• Percussion IQ

Mirror Practice - Part 1

Common best practices amongst marching percussionists are using a metronome, and drumming in front of a mirror. From our experience, students tend to practice 3 ways:

  1. Without a metronome and a mirror

  2. With a metronome only

  3. With a metronome and in front of a mirror

There are numerous benefits for drumming in front of a mirror. Today we will elaborate briefly on the 3: Motion Awareness, Sound Visualization, and Performance Optimization

  1. Motion Awareness - The top players in the world make everything they play look easy. For example, quad drummers from Rhythm X make a difficult roll and singles passage look as simple as playing accent tap on drum 2. They can do this because they understand how to relax their grip on everything they play to ensure the stick is doing all the work, with their hand acting only as the facilitator. If students practice in front of a mirror, they can see their grip tightened on difficult phrases, which subsequently impacts their sound quality and ease of motion. By visually seeing these issues, the student can isolate each hand to ensure their stick motion on harder passages is similar to easier parts. An instructor may point these things out 10 times, but sometimes the player just needs to see it themselves to understand correction is necessary for advancement.

  2. Sound Visualization - Rudiments vary in difficulty per each student. A common issue with sound quality inconsistencies on rudiments stems from poor height consistency. If the ‘e’ count of a 16th note paradiddle is lower than the diddle on “+ a”, the tap quality and sound consistency will diminish. Visually seeing these discrepancies can be a quick fix for the student without needing an in depth analysis from an instructor.

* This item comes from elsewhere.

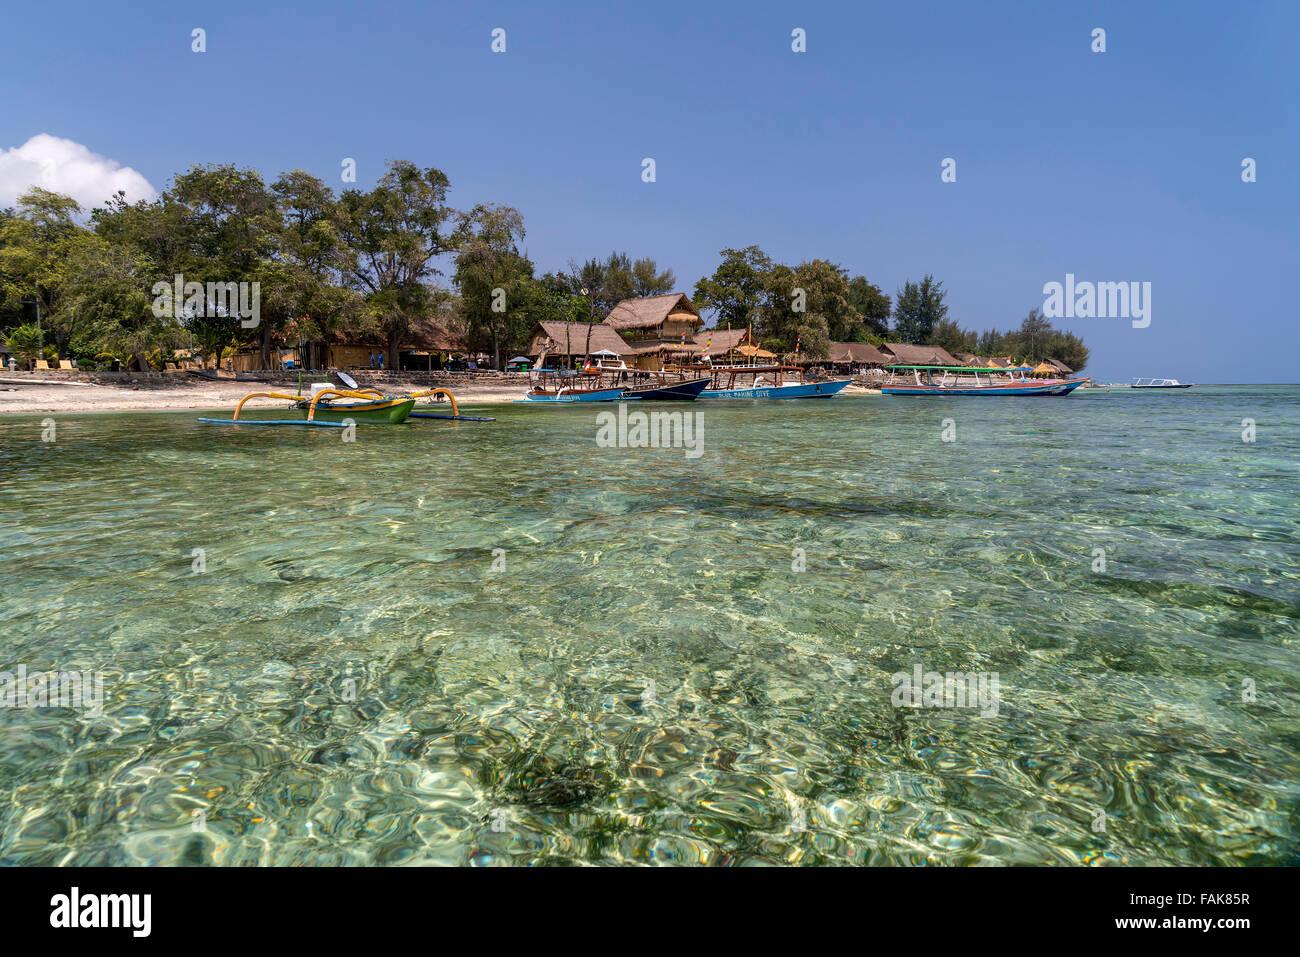 Playa de la pequeña isla de Gili Air, Indonesia, Lombok, asi Imagen De Stock

  3. Performance Optimization - You are the toughest critic in your drumming career. Use your reflection as an audience and focus on each practice repetition as a performance. Learning to drum with nerves in your belly is one of the best simulations for an audition and competition environment. Playing well in front of yourself builds confidence, and confidence combined with well developed habits breaks walls down.